_YOUR GOAL_: An exact copy of all the data is required, with pictures left out.

_SUPPLIED INFORMATION_:
----

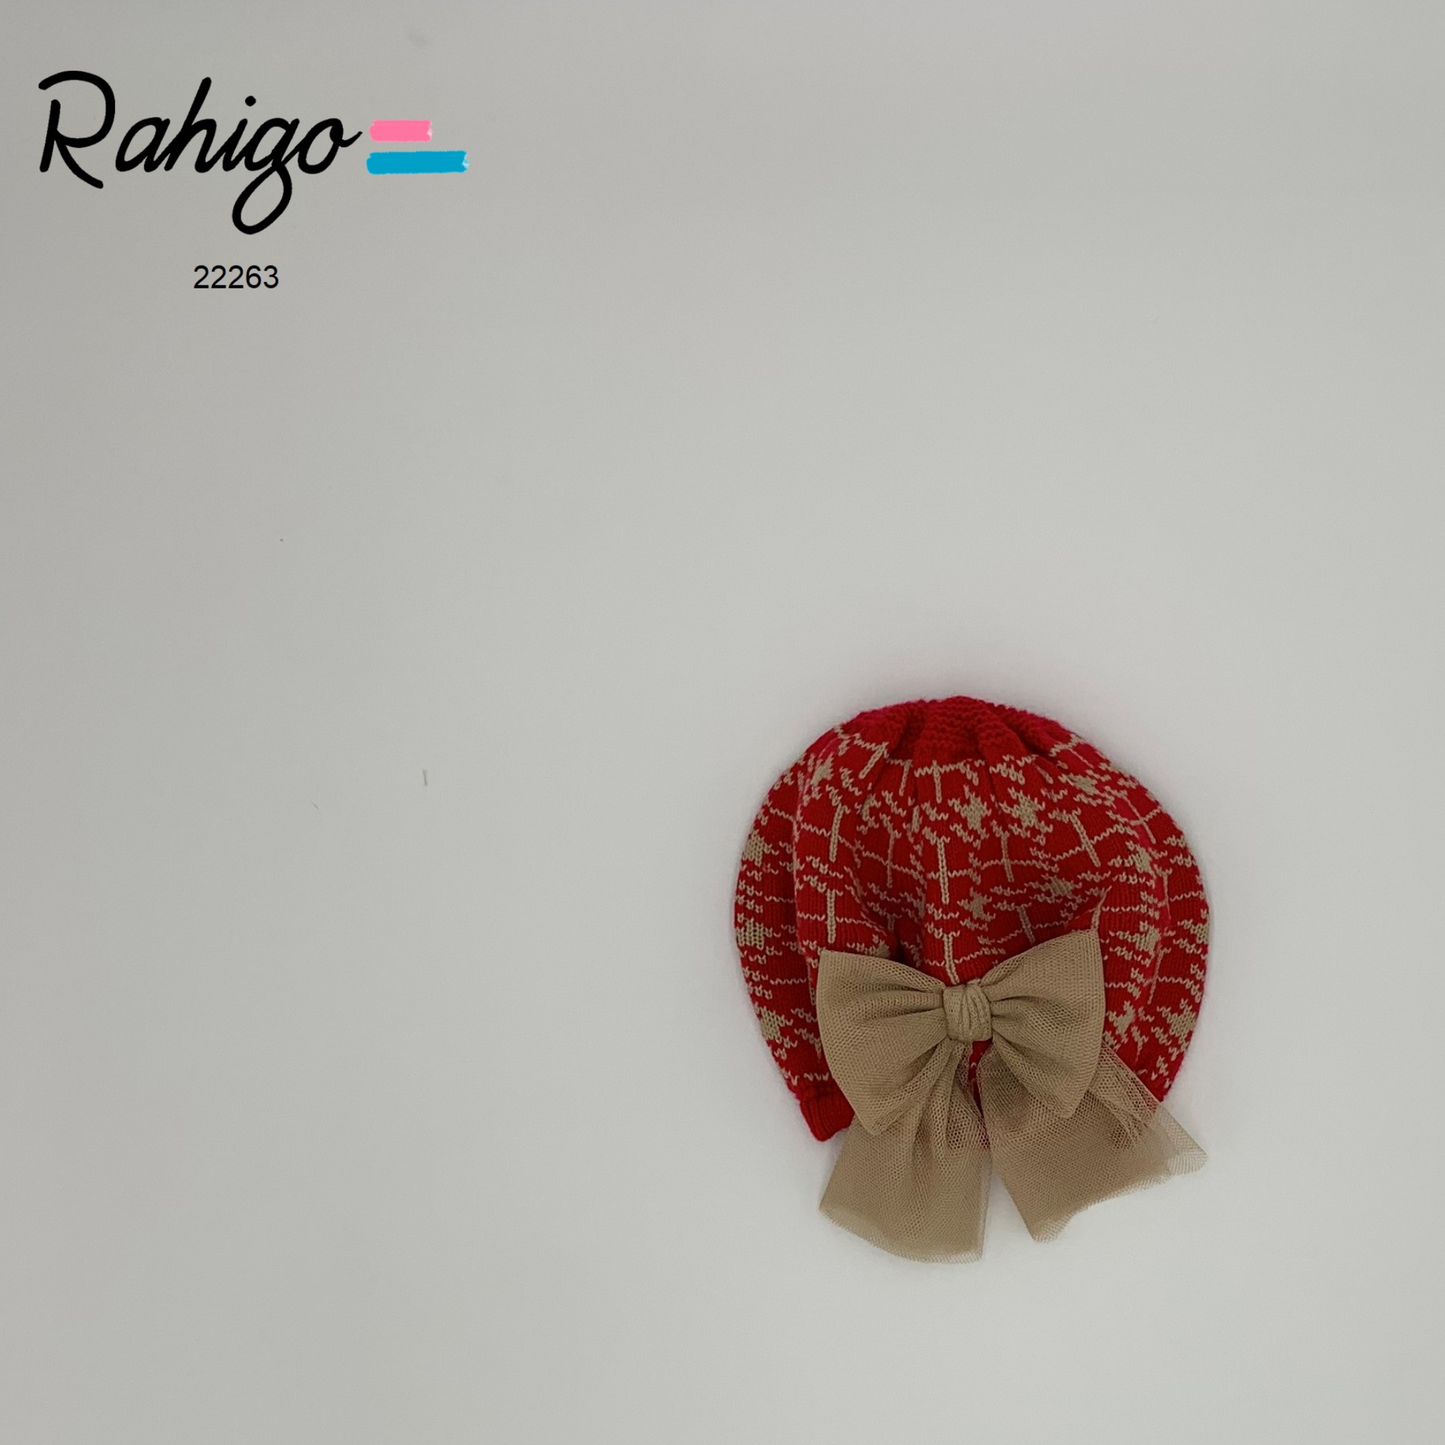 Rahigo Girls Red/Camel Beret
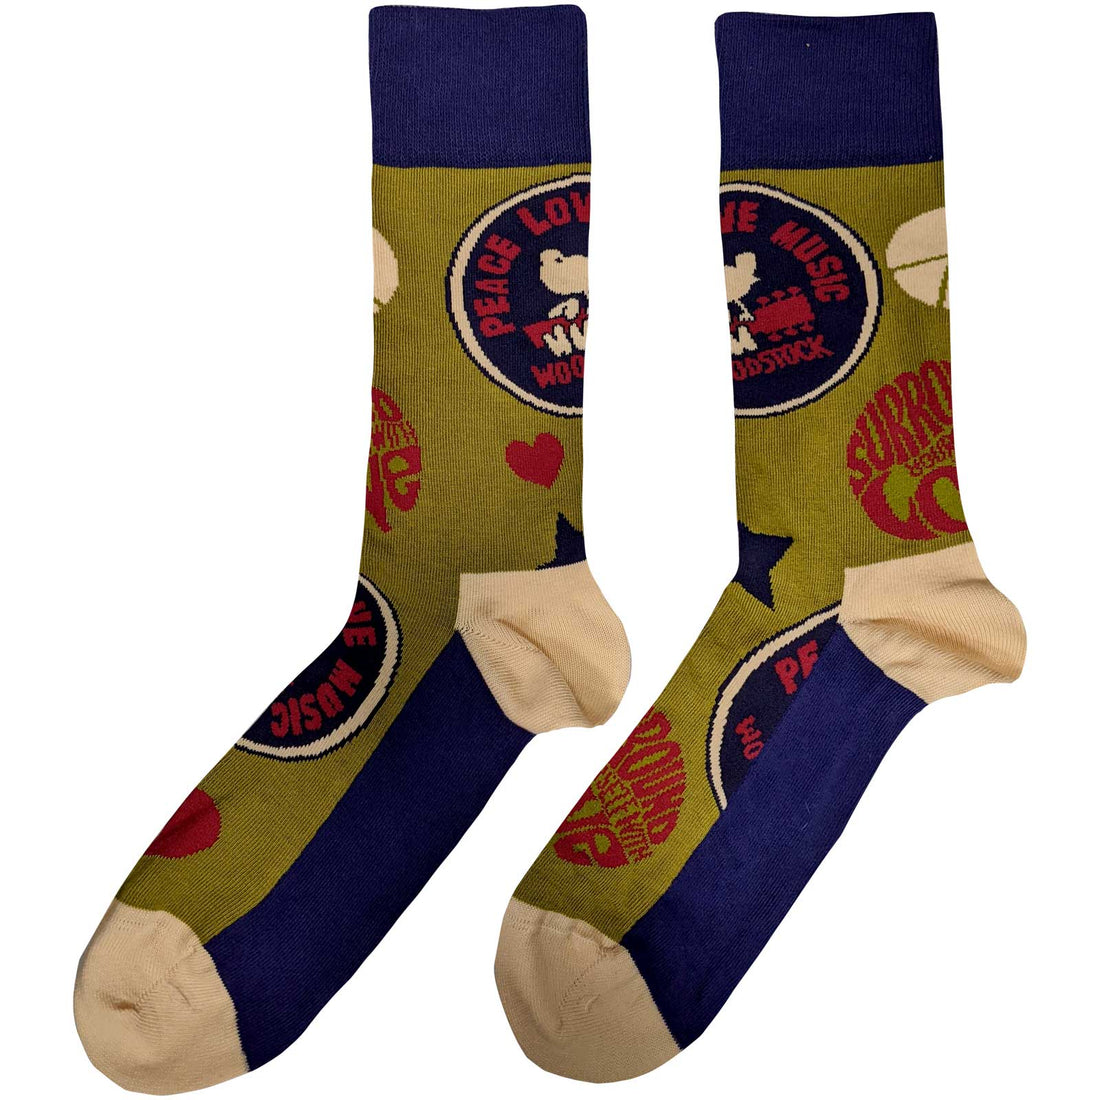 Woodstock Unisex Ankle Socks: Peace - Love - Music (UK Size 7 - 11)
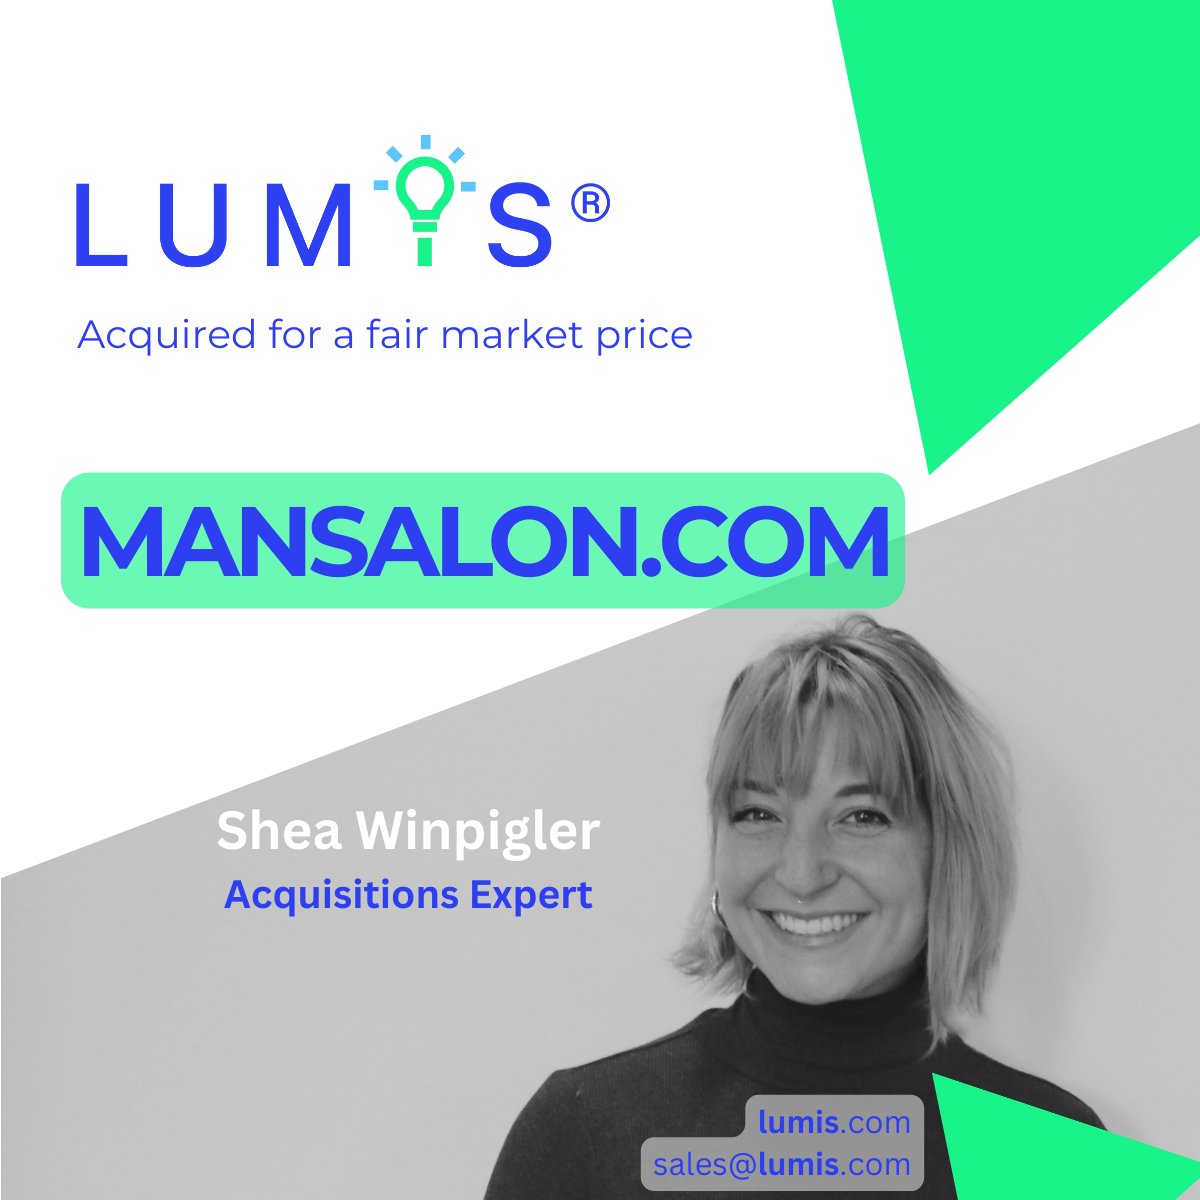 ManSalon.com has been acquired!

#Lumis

----

_SOLUTION TO THE PROBLEM_:
 Rahigo Girls Red/Camel Beret
 Woodstock Unisex Ankle Socks: Peace - Love - Music (UK Size 7 - 11)
 ManSalon.com has been acquired!

#Lumis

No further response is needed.